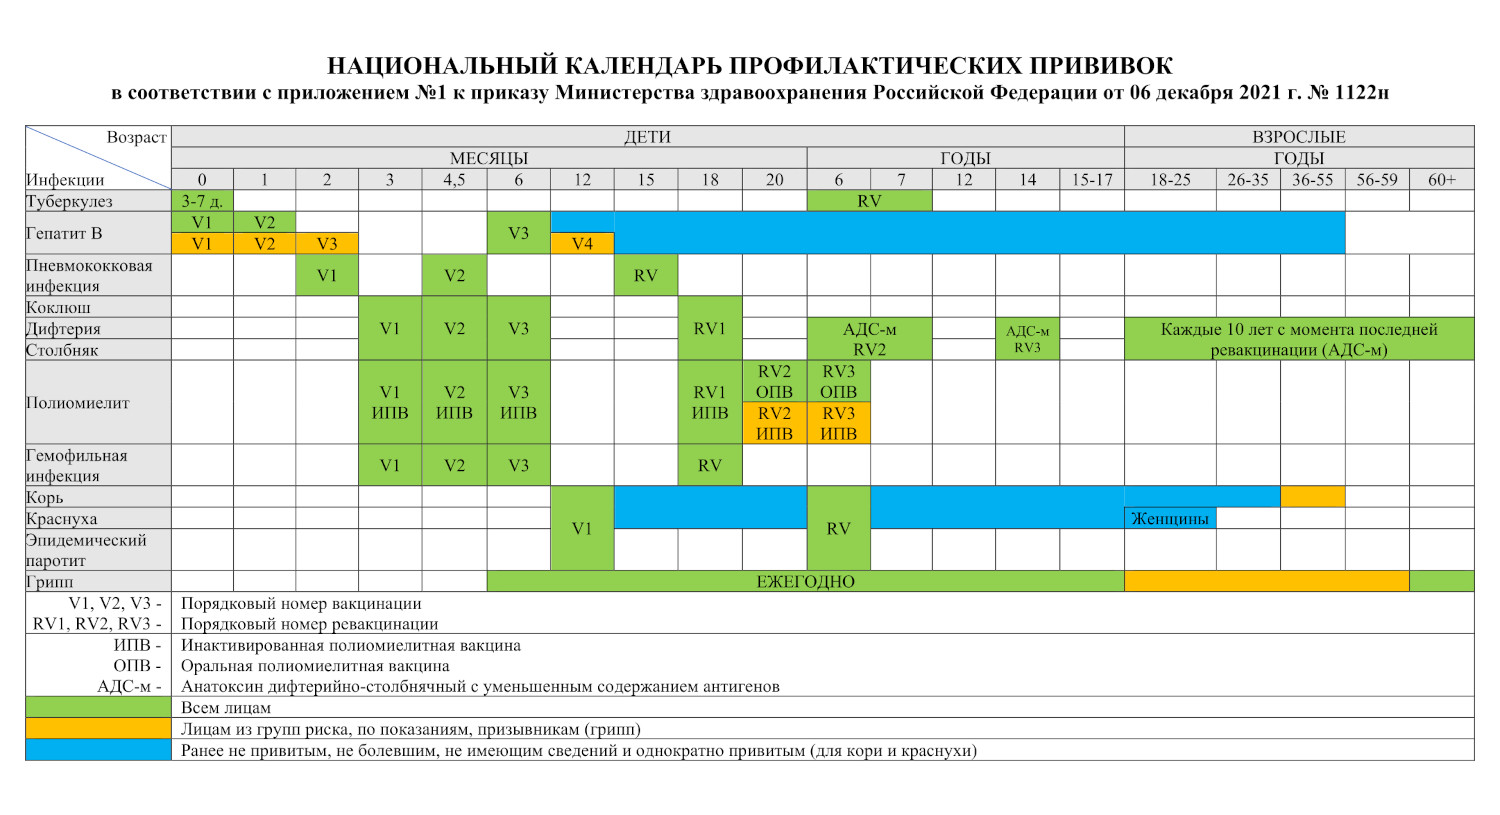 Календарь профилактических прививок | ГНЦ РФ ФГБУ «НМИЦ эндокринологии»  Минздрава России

********************

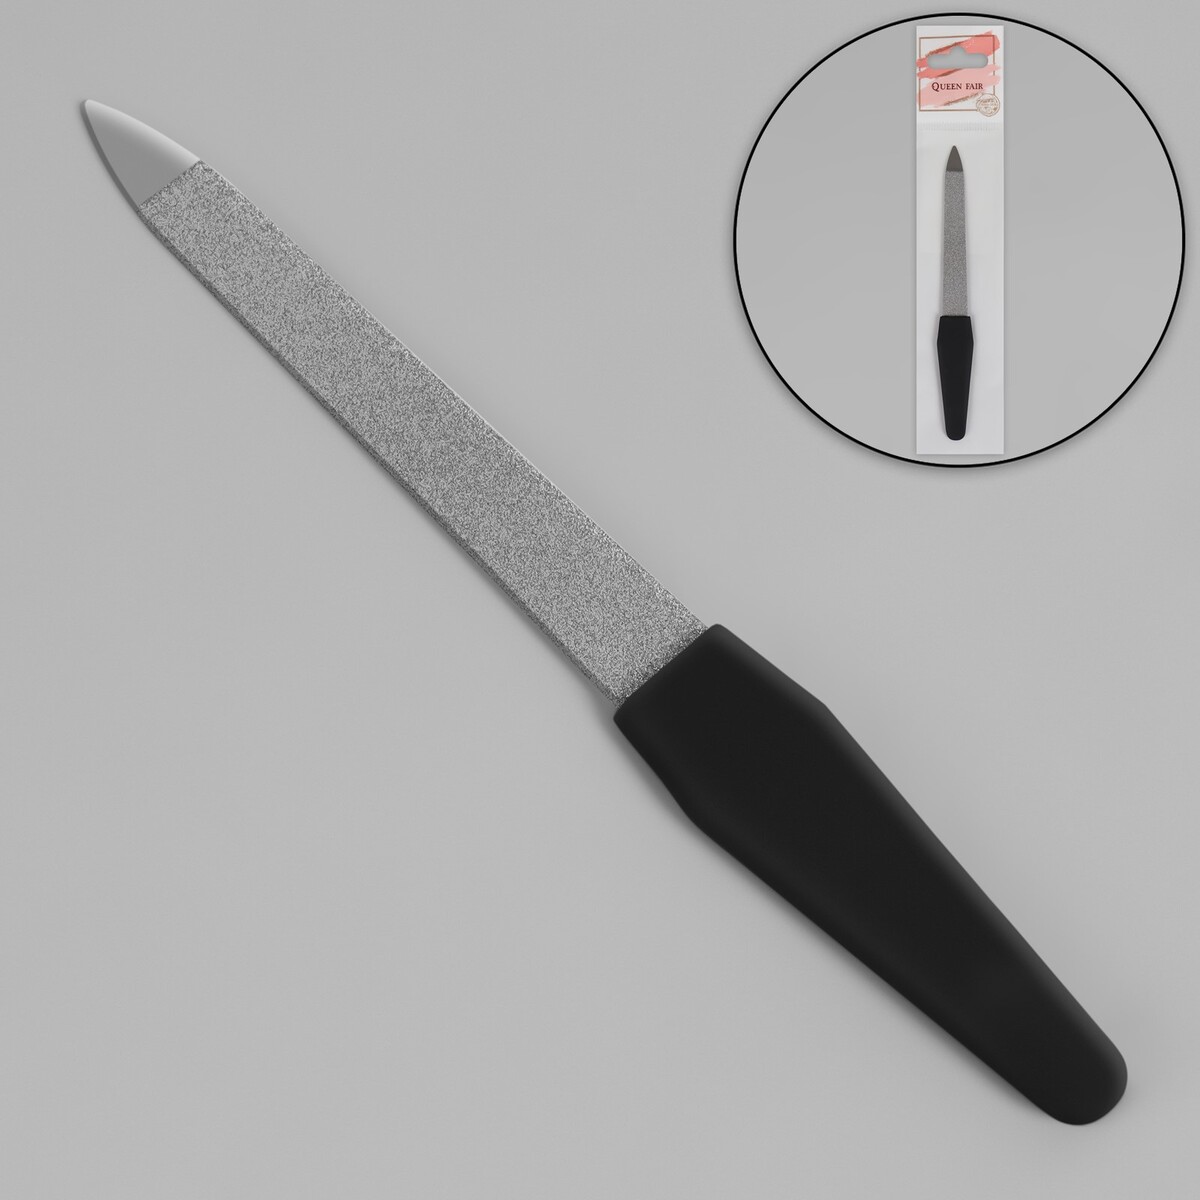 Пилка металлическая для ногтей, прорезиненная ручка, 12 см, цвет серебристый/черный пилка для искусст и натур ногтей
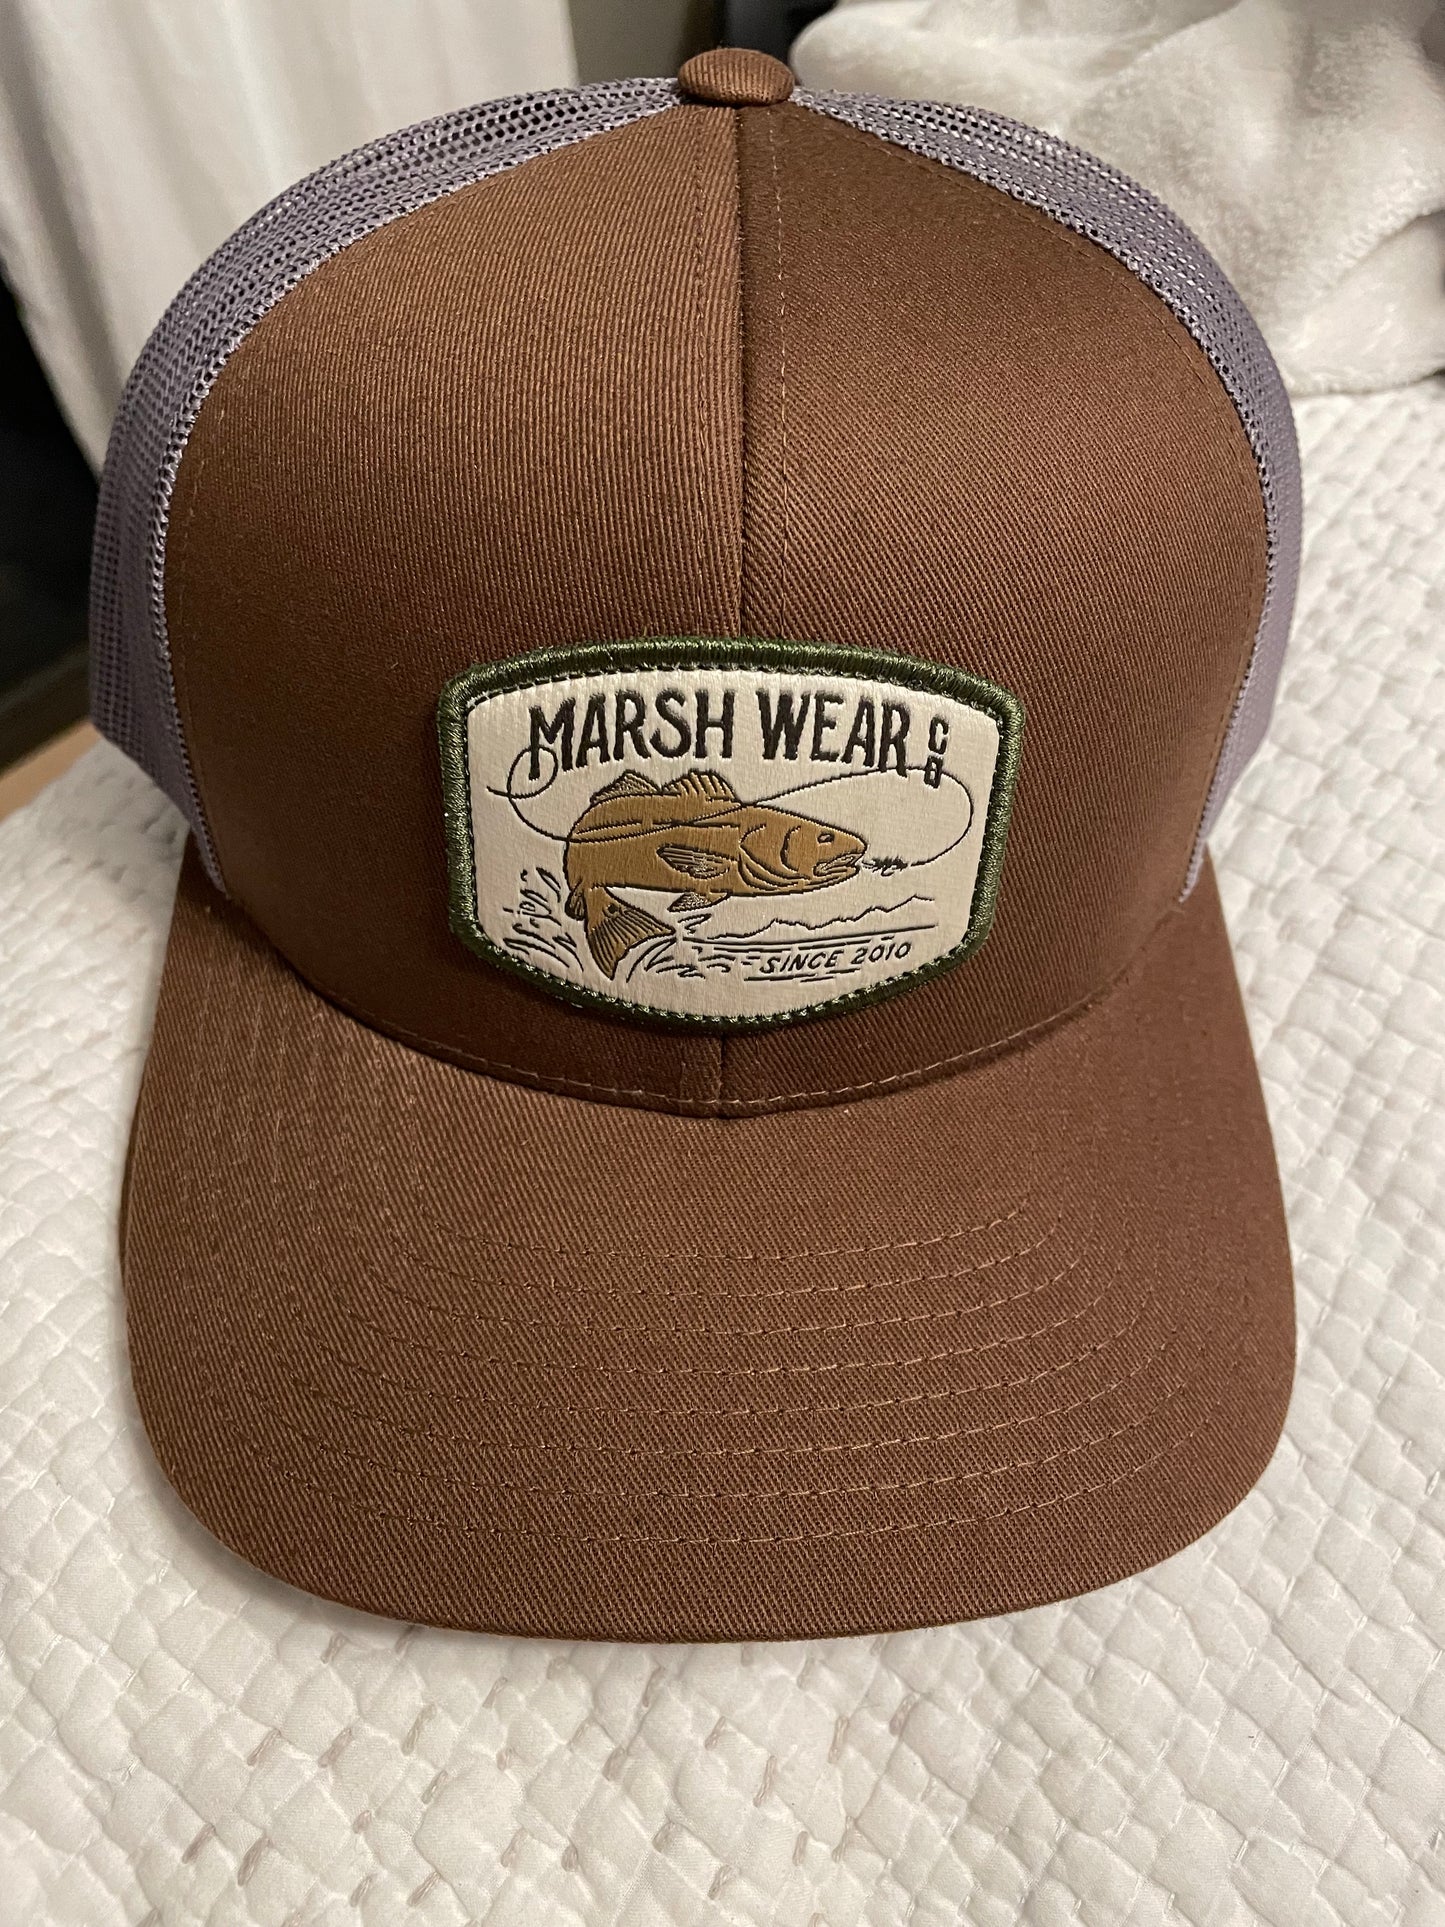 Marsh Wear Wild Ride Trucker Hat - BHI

********************

▸ Exercise aim
Leaving every picture aside, reproduce exactly the lines above from the one with "Пилка металлическая для" up to and including the one with "Marsh Wear Wild Ride Trucker Hat - BHI", and no others.

▸ Output for this exercise
 Пилка металлическая для ногтей, прорезиненная ручка, 12 см, цвет серебристый/черный пилка для искусст и натур ногтей
 Marsh Wear Wild Ride Trucker Hat - BHI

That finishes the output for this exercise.